Когда целовались, Парин неловко ткнулся щекой в край «забрала». Позднее почувствовал, что щеку саднит. Впрочем, он почувствовал это, только когда кто-то сказал: «Профессор, вы испачкали... Да нет! Вы же где-то расцарапали себе лицо!..»

Потом, в автобусе, уже когда уезжали со стартовой, в подрагивающем водительском зеркале Василий Васильевич рассмотрел, что ссадина-то порядочная...

Об этой ссадине — этой единственной «космической травме» того дня, пока она не зажила, Ларина спрашивали все. Я тоже спросил, когда Василий Васхгльевич вернулся в Москву.

Парин, обычно спокойный, немногословный, был в тот день «непохож на себя самого». Хоть все причины для волнения были, казалось, позади, он говорил непривычно быстро и отрывисто, и руки, когда он брал очередную сигарету, подрагивали.

Он сказал тогда: «Ради этого дня стоило прожить жизнь». Такие фразы публицисты любят вкладывать в уста своим героям. Однако, чтобы герои сами произнесли их в жизни, день, действительно, должен быть особенным.
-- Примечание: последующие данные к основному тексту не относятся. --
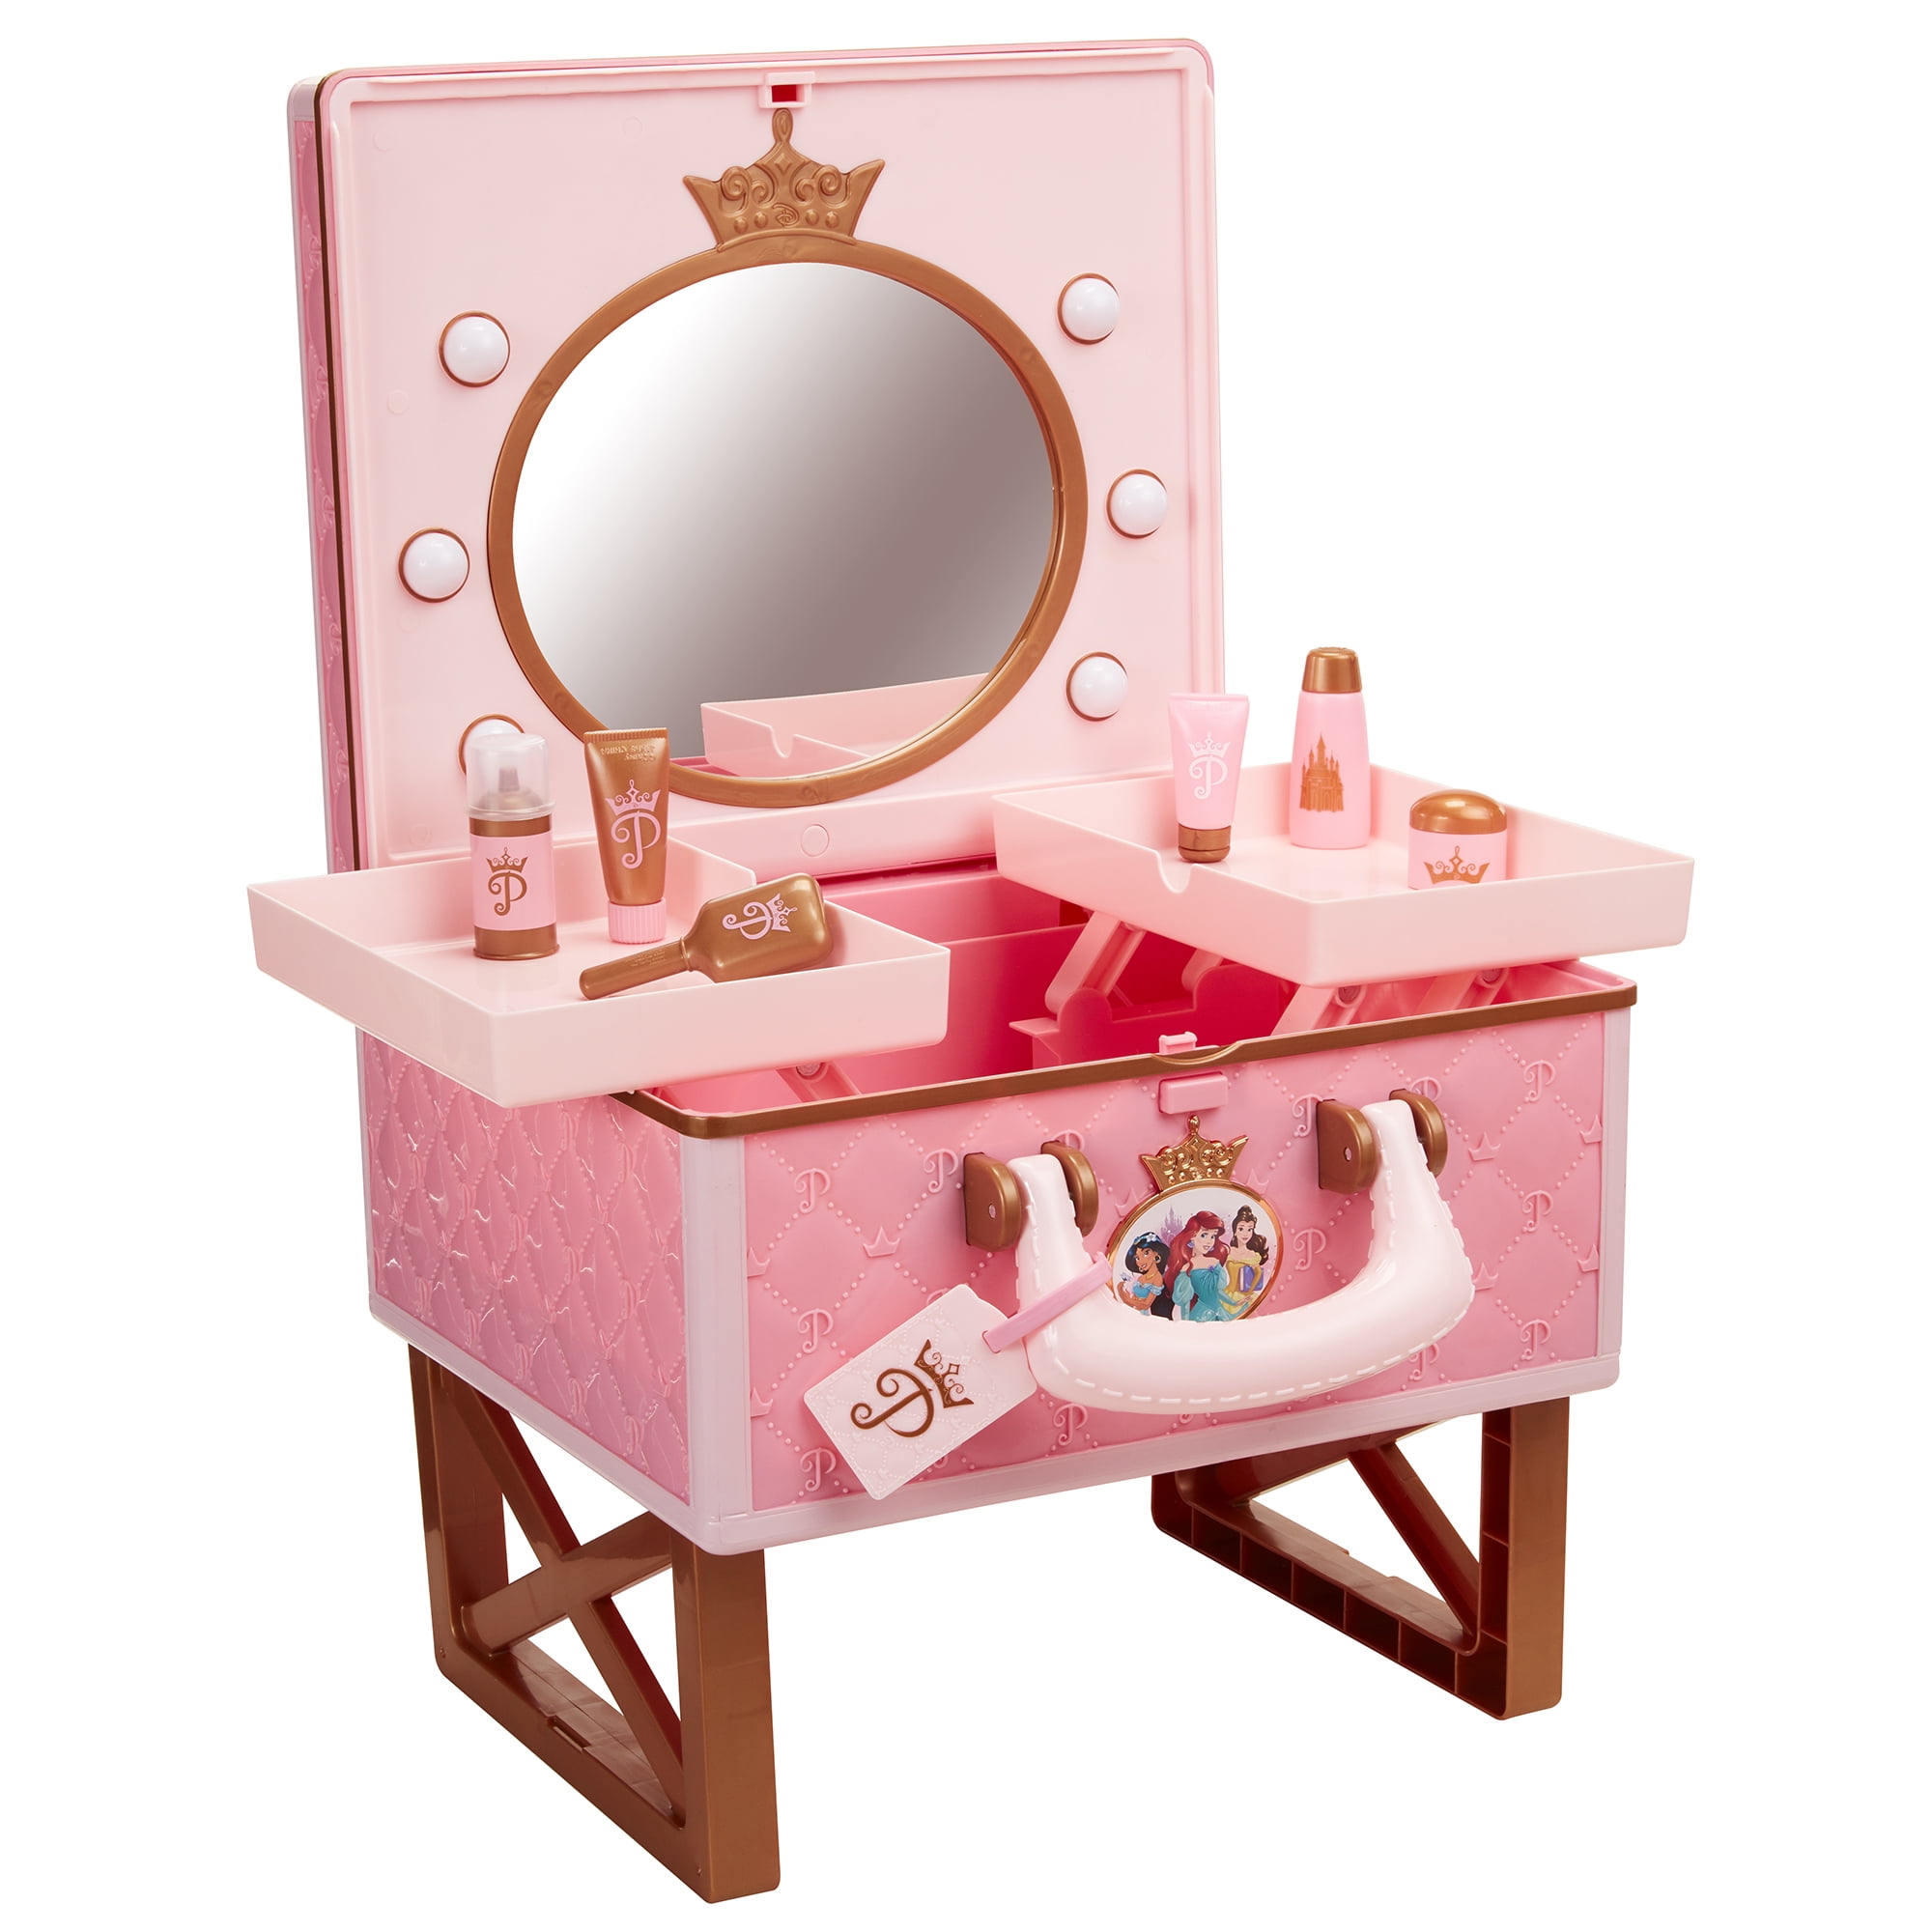 Disney Princess Style Collection Travel, Disney Princess Makeup Table And Chair

Он и был особенным: впервые человек облетел свою планету по космической орбите.

Но все начиналось на земле. На земле все было подготовлено по крупицам трудом и мыслью множества людей, их жизнями, которые стоило прожить ради той радости, какую приносит победа разума.

Это рассказы об одной жизни. Они записаны со слов человека, прожившего ее, — со слов Василия Васильевича Ларина.

Учителя

— Мне было четырнадцать, когда началась революция. Отец мой — хирург, много лет проработавший в селе. Проблемы «принимать революцию или не принимать» для нашей семьи не существовало. В гражданскую отец работал в госпиталях Красной Армии. Потом стал профессором Пермского университета.  В этом университете я начал учиться. Там и потянуло меня в науку, в физиологию.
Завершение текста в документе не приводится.